There are many successful spectral based unsupervised dimensionality reduction methods, including Laplacian Eigenmap (LE), Locality Preserving Projection (LPP), Spectral Regression (SR), etc. LPP and SR are two different linear spectral based methods, however, we discover that LPP and SR are equivalent, if the symmetric similarity matrix is doubly stochastic, Positive Semi-Definite (PSD) and with rank p, where p is the reduced dimension. The discovery promotes us to seek low-rank and doubly stochastic similarity matrix, we then propose an unsupervised linear dimensionality reduction method, called Unsupervised Large Graph Embedding (ULGE).

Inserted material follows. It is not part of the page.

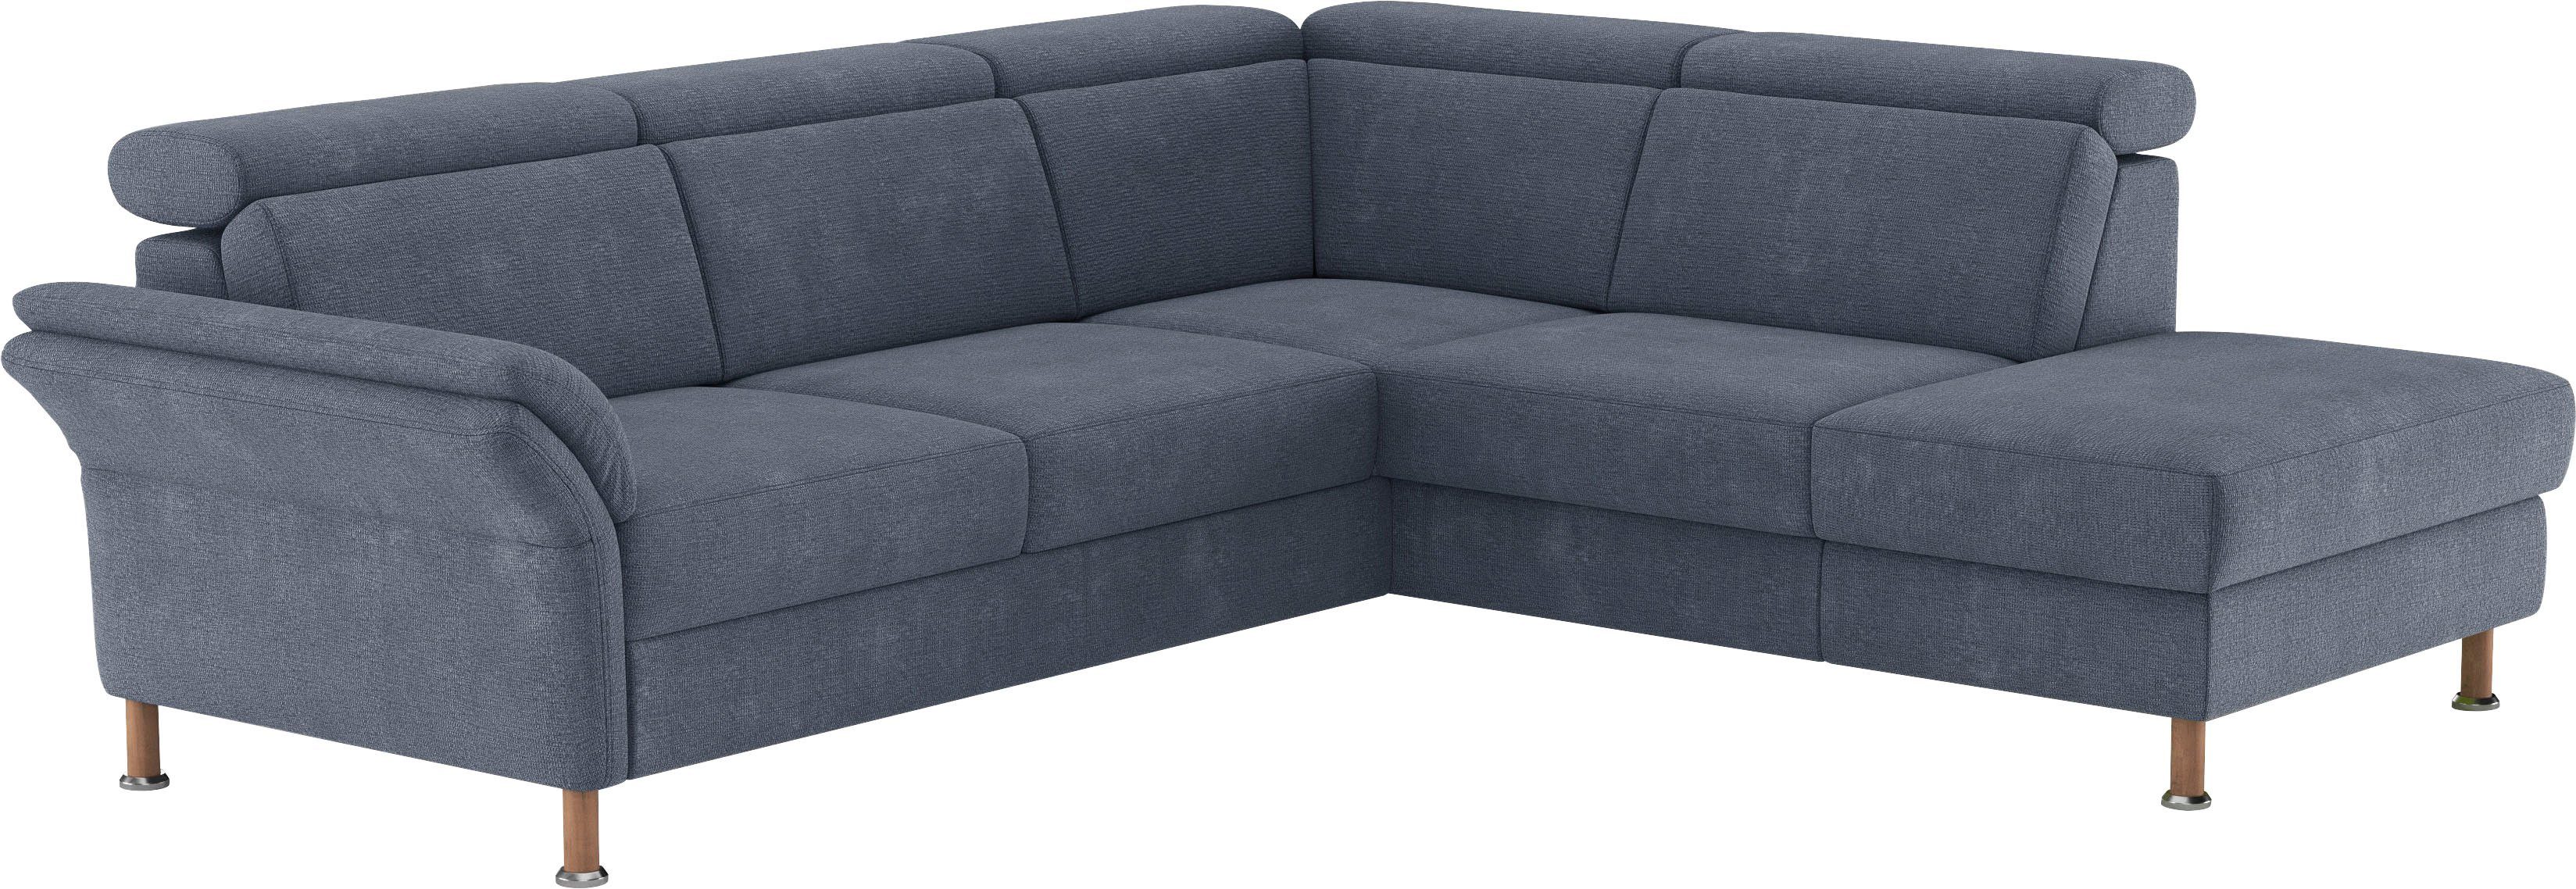 im Home Calypso, motorisch Relaxfunktion Ecksofa affaire mit 2,5- Sitzer Sofa

ULGE starts with similar idea as LPP, it adopts an efficient approach to construct similarity matrix and then performs spectral analysis efficiently, the computational complexity can reduce to O(ndm), which is a significant improvement compared to conventional spectral based methods which need O(n2 d) at least, where n, d and m are the number of samples, dimensions and anchors, respectively. Extensive experiments on several public available data sets demonstrate the efficiency and effectiveness of the proposed method.

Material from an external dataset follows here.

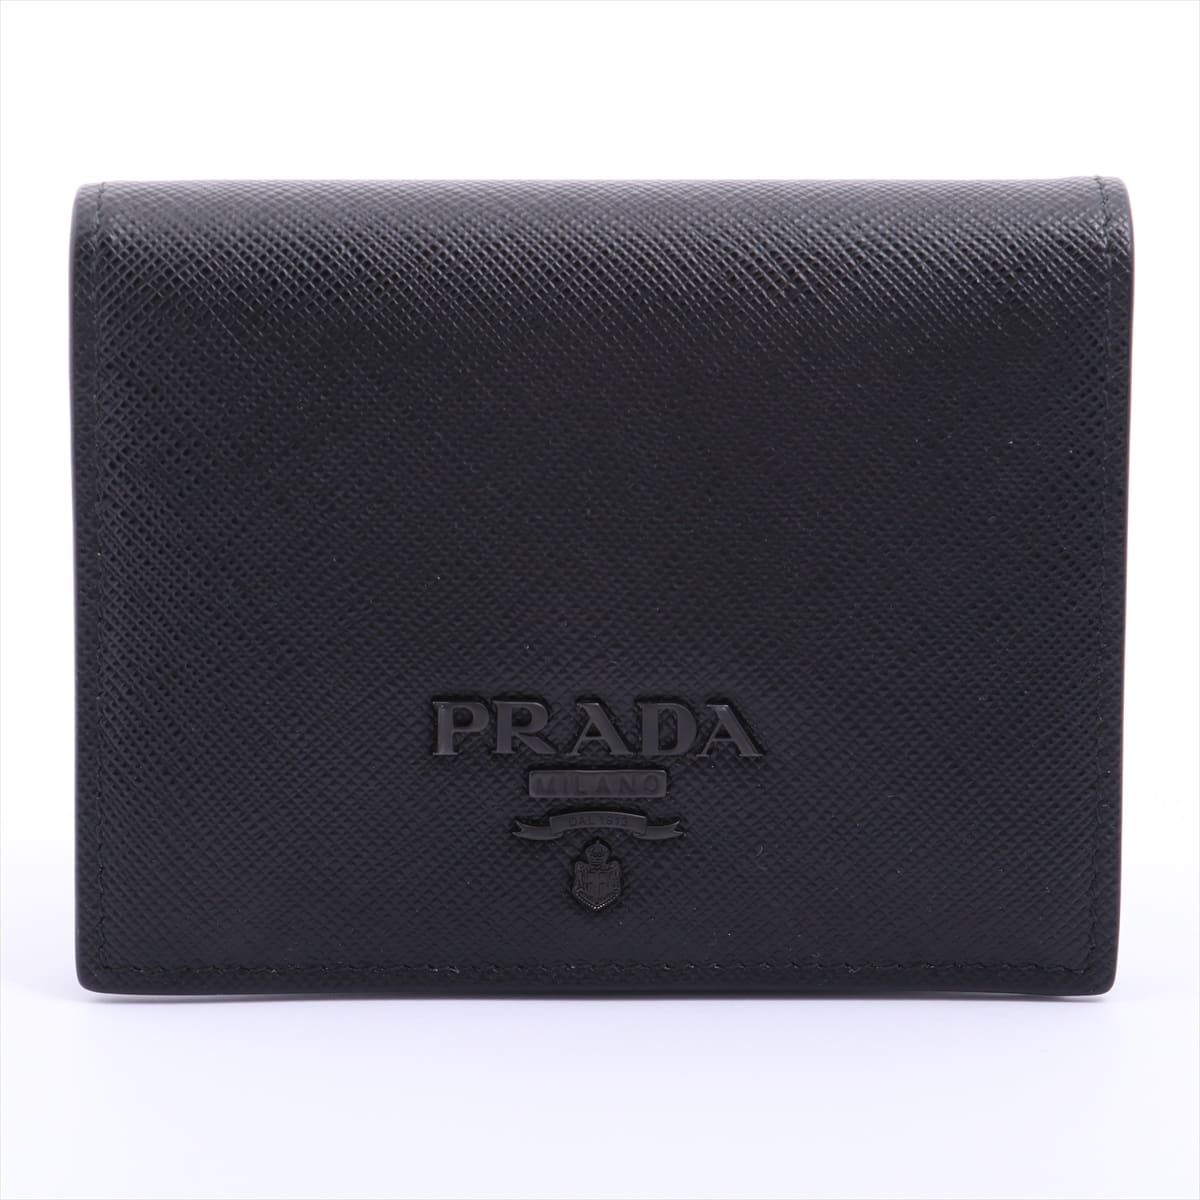 Prada SAFFIANO SHINE 1MV204 Leather Wallet Black

AAAI Conference 2016 Conference Paper

Unsupervised Feature Selection with Structured Graph Optimization

  • Feiping Nie
  • Wei Zhu
  • Xuelong Li

Since amounts of unlabelled and high-dimensional data needed to be processed, unsupervised feature selection has become an important and challenging problem in machine learning. Conventional embedded unsupervised methods always need to construct the similarity matrix, which makes the selected features highly depend on the learned structure. However real world data always contain lots of noise samples and features that make the similarity matrix obtained by original data can’t be fully relied. We propose an unsupervised feature selection approach which performs feature selection and local structure learning simultaneously, the similarity matrix thus can be determined adaptively. Moreover, we constrain the similarity matrix to make it contain more accurate information of data structure, thus the proposed approach can select more valuable features. An efficient and simple algorithm is derived to optimize the problem. Experiments on various benchmark data sets, including handwritten digit data, face image data and biomedical data, validate the effectiveness of the proposed approach.